(ボツ)キャラクターの動きに「時間」はあるか?

 アニメーション的には非常に重要な「時間」の話です。

 これを小説技法とするには無理があると考え、ボツとしました。

 しかし、例によって何らかの知見が得られるかもしれないので、公開します。



 キャラクターの動きで意外と厄介なのが、それが「どれくらいかかる?」ということだ。


 手を振るという動作自体の時間ではない。

 伝えるのにどれくらいの時間がかかるのかという意味だ。


 絵コンテに書いてある、恩人を見送るために手を振るという動作がある。

 脚本にあるキャラクターの感情を表現する事に、その動作にどれだけの時間をかければだろう? ということだ。


 童話の「ウサギとカメ」をアニメーション化した時を想像して欲しい。

 さて、ウサギとカメが同じくらいの速さで日常動作をしているのに、いざレースとなったときに、急にカメの動作が遅くなったとしたら、観客はどう感じる?


 きっと見ている人は違和感を感じてしまうだろう。


 キャラクターのすばやさ、動作の「時間」がそのままキャラクターになっている「ウサギとカメ」なら、これは顕著にでてくる。


 しかし一般のアニメーションでも、この「時間」を考える必要がある。

 動作にどれだけの時間がかかるのか?

 これを考えるのは、意外と重要な点なのだ。


 演技のシルエット、ポージングだけではなく、それにかける「時間」にも伝達可能な情報はある。性格はその外見よりも動作の素早さに現れる。


 キャラクターの意志力というのはその速度で示せるのだ。


 小説で使う場合は、以下のようになるだろう。


 無気力なキャラクターを背を曲げさせ、トボトボ歩かせ、声をかけられたときに、はぁと溜め息をつかせてゆっくりと振り向かせる。

 何故彼がゆっくり振り向いたのか? 声の先に上司がいるからだ。


 しかし次のシーン、彼は声をかけられて急に背筋を伸ばし、キビキビと動き出す。ヒロインの声、あるいはドーナツの屋台の音楽が聞こえたからだ。
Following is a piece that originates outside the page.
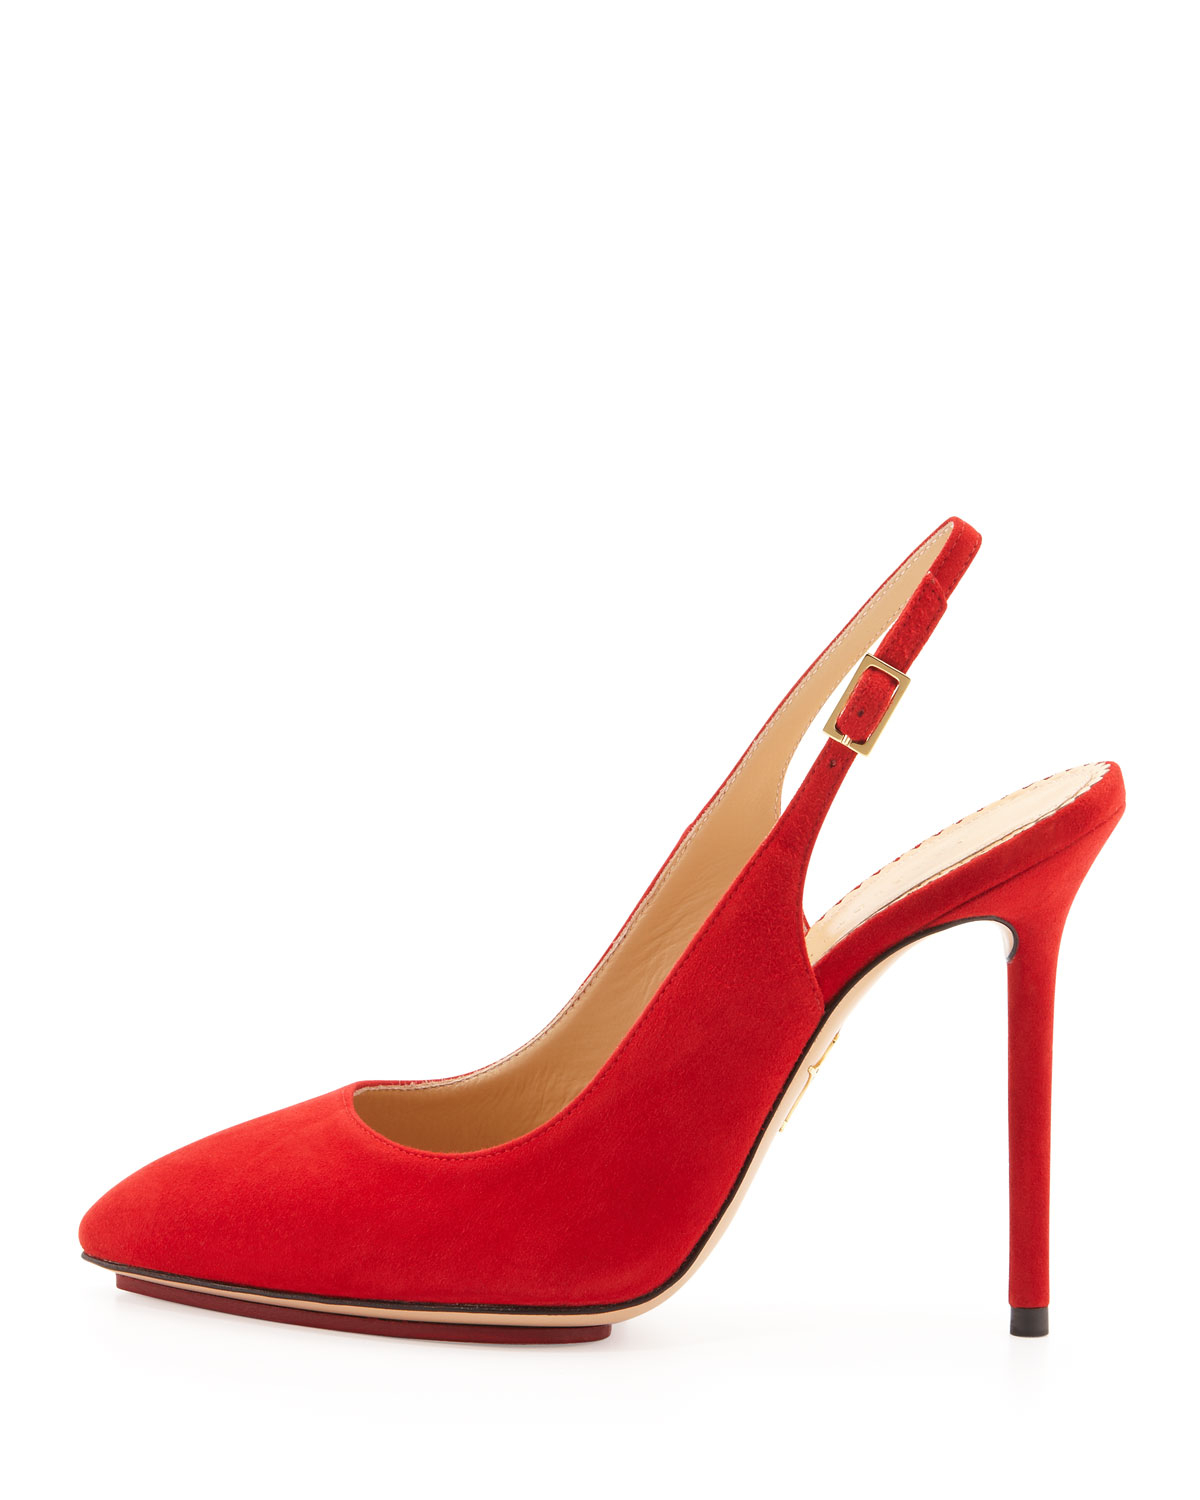 Lyst - Charlotte Olympia Monroe Suede Slingback Pump in Red
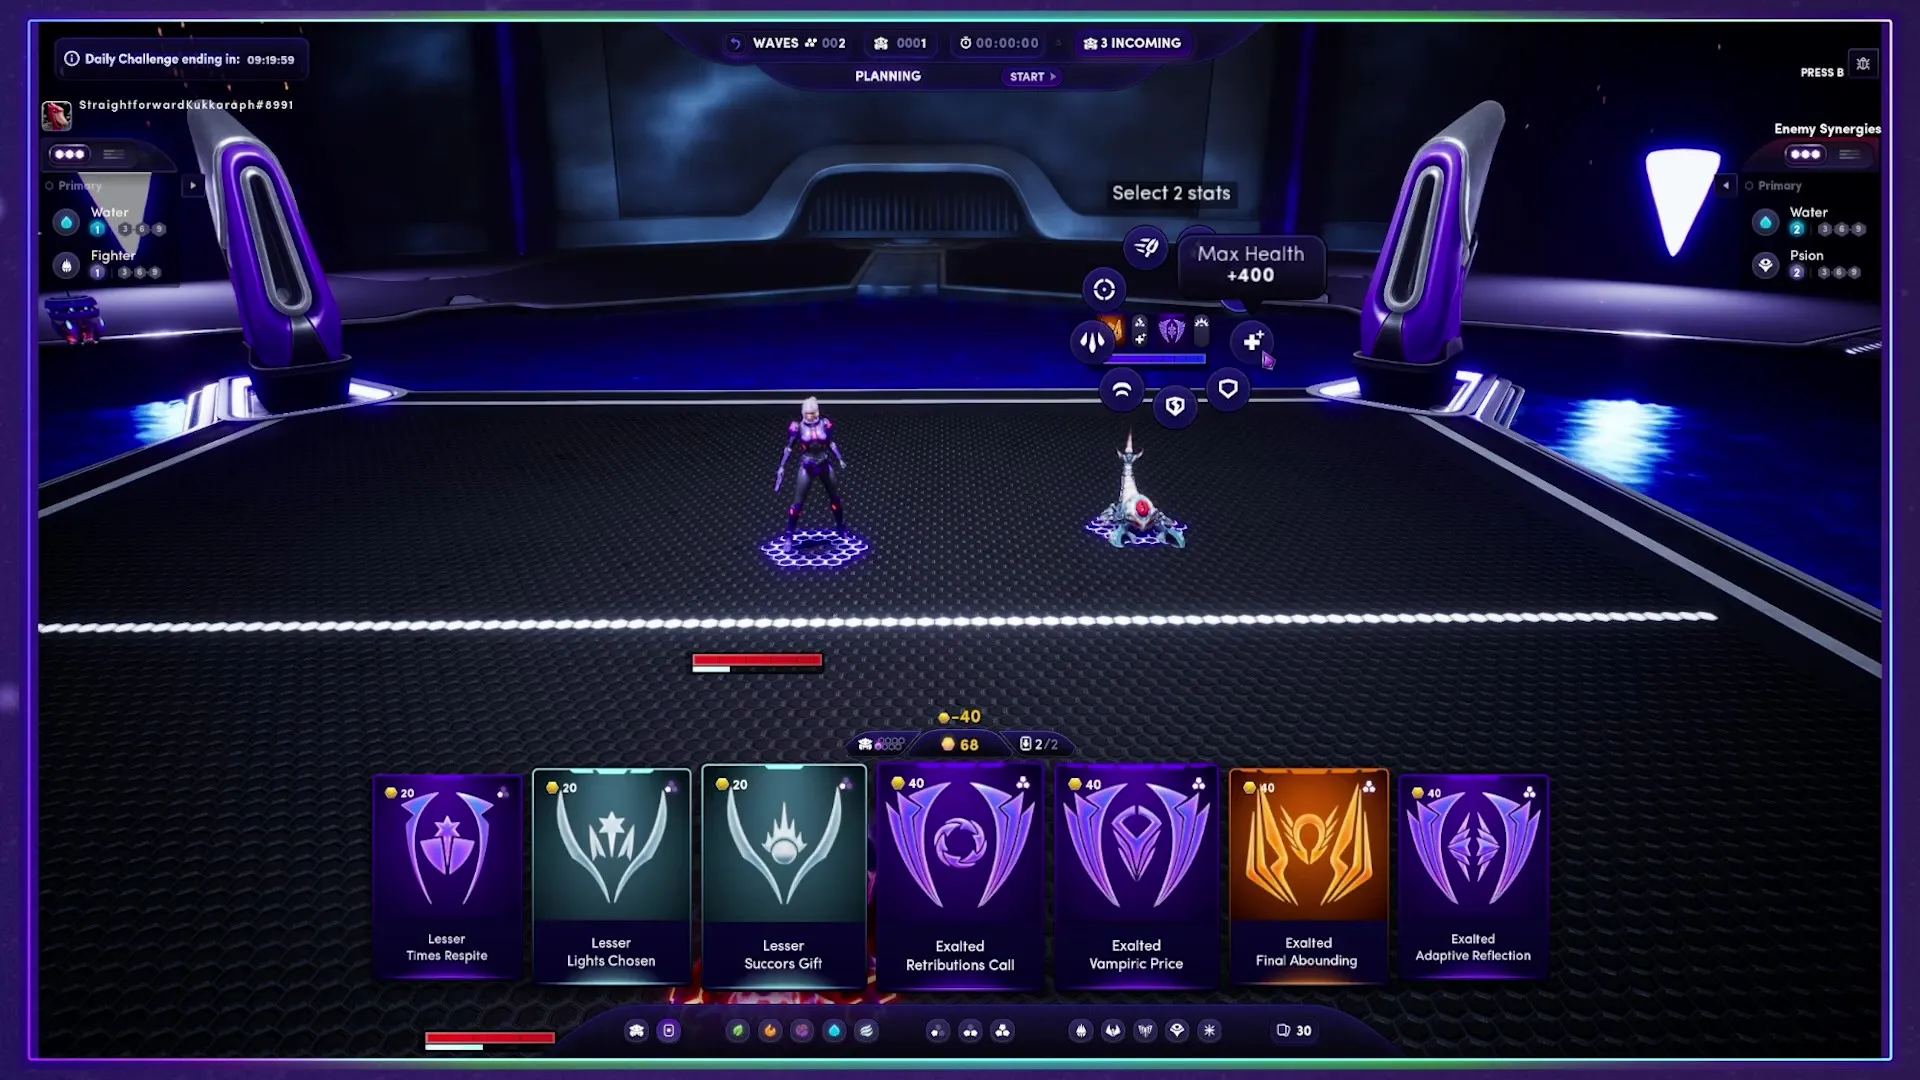 You can put an augment to your Illuvials during the planning phase in Illuvium Arena. This augment can change the attribute and stats of your Illuvials that can change the course of the game.

 その動きの速さで演技、態度、それらを描写することができる。

 無気力か? やる気に満ち溢れているのか?

 興奮しているのか? 消沈しているのか?

 落ち着かないのか? くつろいでいるのか?


 それらの動作を想像してみて欲しい。

 動作の「時間」が欠けた状態で、感情を情緒豊かに描写するというのは、すこし骨が折れる。難易度が上がるのだ。


 たかが「時間」と思う人は想像して欲しい。


 何かを持ち上げる動作だ。


 同じ大きさの、抱えるくらいの箱を男が持ち上げる時、時間をかけてゆっくり持ち上げるのと、ヒョイッと持ち上げるのでは、どちらが重さを表現できると思う?


 ゲーム「エルデンリング」の巨人の動きと、墓場のガーゴイルの動きはどうだ?

 ゆっくり動けば重量感を表現できるのはもちろん、素早く動けば身軽という印象がつき、ガーゴイルが天井に張り付いていても違和感がない。


 キャラクターの動きに「時間」はあるか?

 以上はそういった意図で書いている。


 何も考えないで動きを作って、キャラクターが急に早く動いたり、遅くなると、見る人にはそれが意味不明な動作になってしまう。


 何で早く動いたのか?

 ここで何故ゆっくり動いたのか? きっと意味を見出そうとする。

 それが見当たらなければ、きっと混乱するだろう。


 その人が動作にかける時間によって、印象は変わる。


 ナンシーにコーヒーを淹れるのに、トムが時間をかけている。

 読み手は、トムがきっと、ナンシーのことが好きなんだと思う。

 何故か?以前、彼のことを尋ねたジムには、さっと淹れたからだ。


 とくに明言していない、さりげない動作でも意味が出せる。

 こういった動作にかける時間からも、キャラクターの感情を表現できるだろう。


 ブラッシュアップの際、キャラクターの動作、その「時間」について、気にしてみるのも一興だろう。


 キャラクターの動きに「時間」はあるか? については以上だ。